Difficulty of cloud financial acquisition: the construction and the service of the accounting informatization of the cloud finance adopt an outsourcing mode, the construction and the service of the accounting informatization of the normal financial software adopt a local call privatization mode, from the acquisition, the acquisition of the normal financial software can be performed through accessing a data source (background database) of the financial software, the data are managed to form a unified data format standard, automatic acquisition is performed, and the cloud finance adopts the outsourcing sharing characteristic, so that the data source cannot be accessed, and the universal acquisition cannot be applicable.

Disclosure of Invention

The invention aims to solve the problem that the existing cloud financial acquisition cannot access a data source, so that general acquisition cannot be applied, and provides a cloud financial data acquisition method based on a web crawler technology. In the aspect of feasibility, the data acquisition is realized by adopting the technologies of network crawling, reverse simulation request interface, simulation clicking, data downloading, management and the like.
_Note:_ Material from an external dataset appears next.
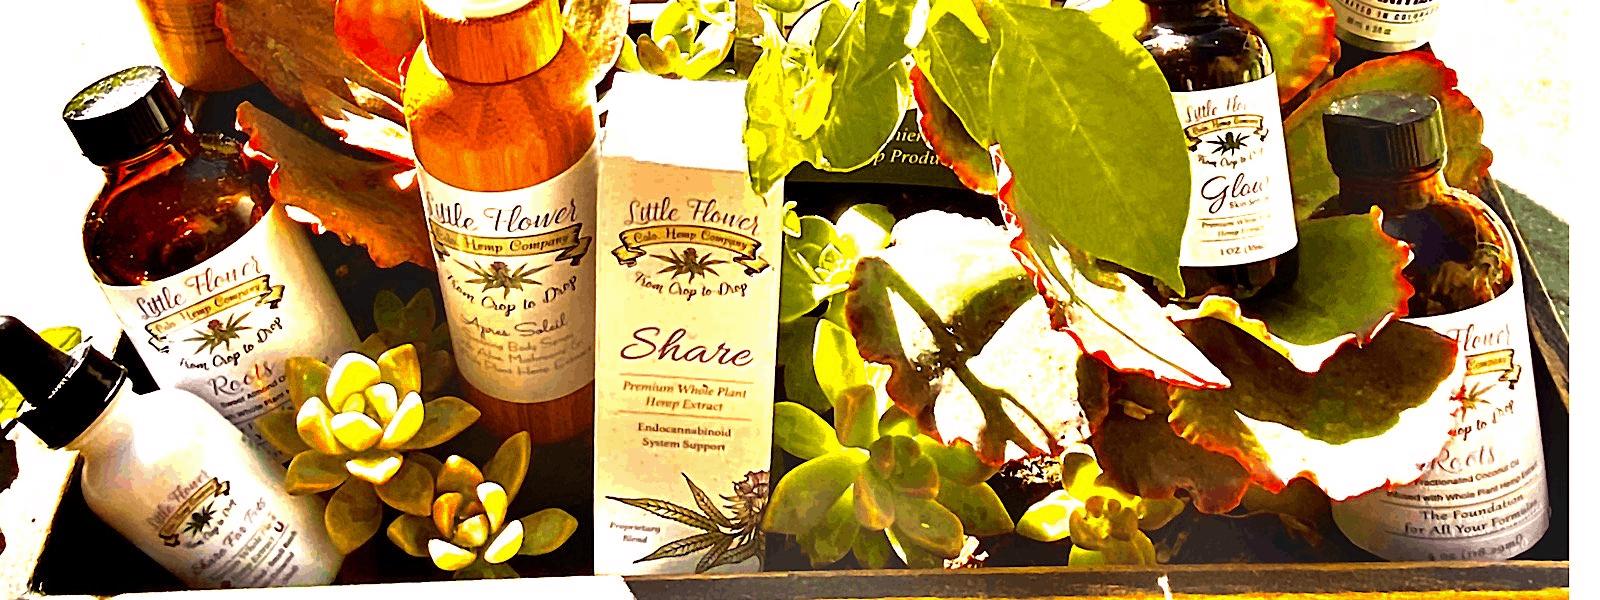 Little Flower Hemp Company CBD Coupons Products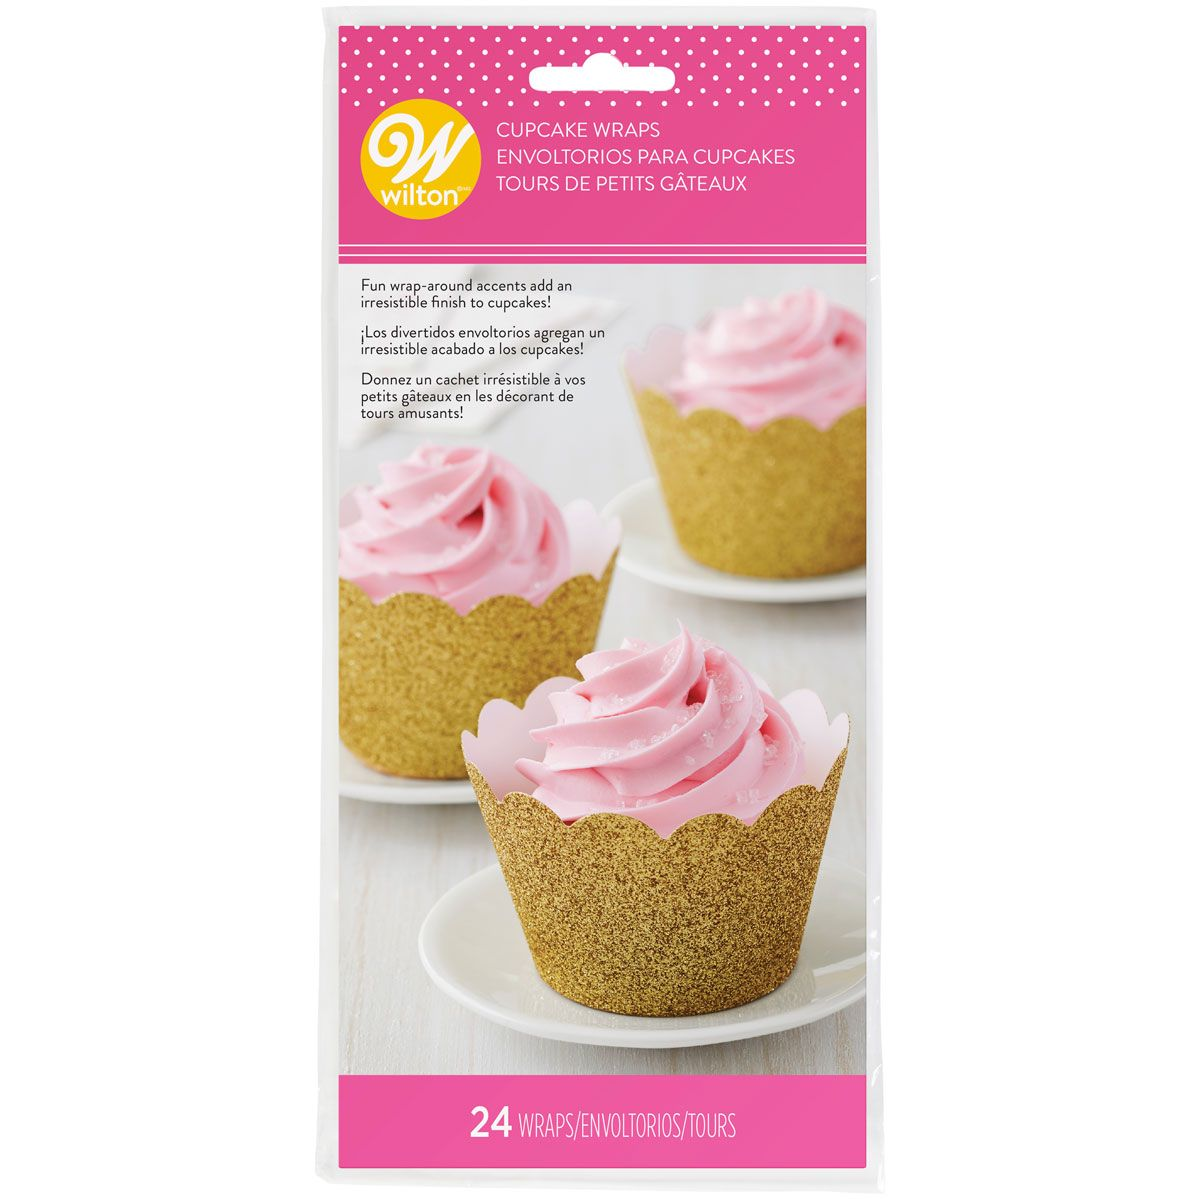 Wilton Cupcake Wrappers glitzernd gold - Deko Muffinförmchen Kuchen, 24 Stück

The aim of the invention can be achieved by the following technical scheme: a cloud financial data acquisition method based on a web crawler technology comprises the following steps:

determining websites and data types to be grabbed, and setting corresponding grabbing tasks and rules;

simulating a user to log in a website, or opening a browser to log in;

acquiring the logged cookie data, and simulating a user interface request to acquire back-end source data;

according to the website structure and the anticreeper technology, automatically adjusting the grabbing strategy and processing abnormal conditions;

processing a plurality of grabbing tasks through a distributed architecture;

monitoring and analyzing the data grabbing result in real time, feeding back abnormal conditions in time, and carrying out corresponding processing and adjustment;

and carrying out structural preservation on the grabbing result according to the requirements of the financial analysis software.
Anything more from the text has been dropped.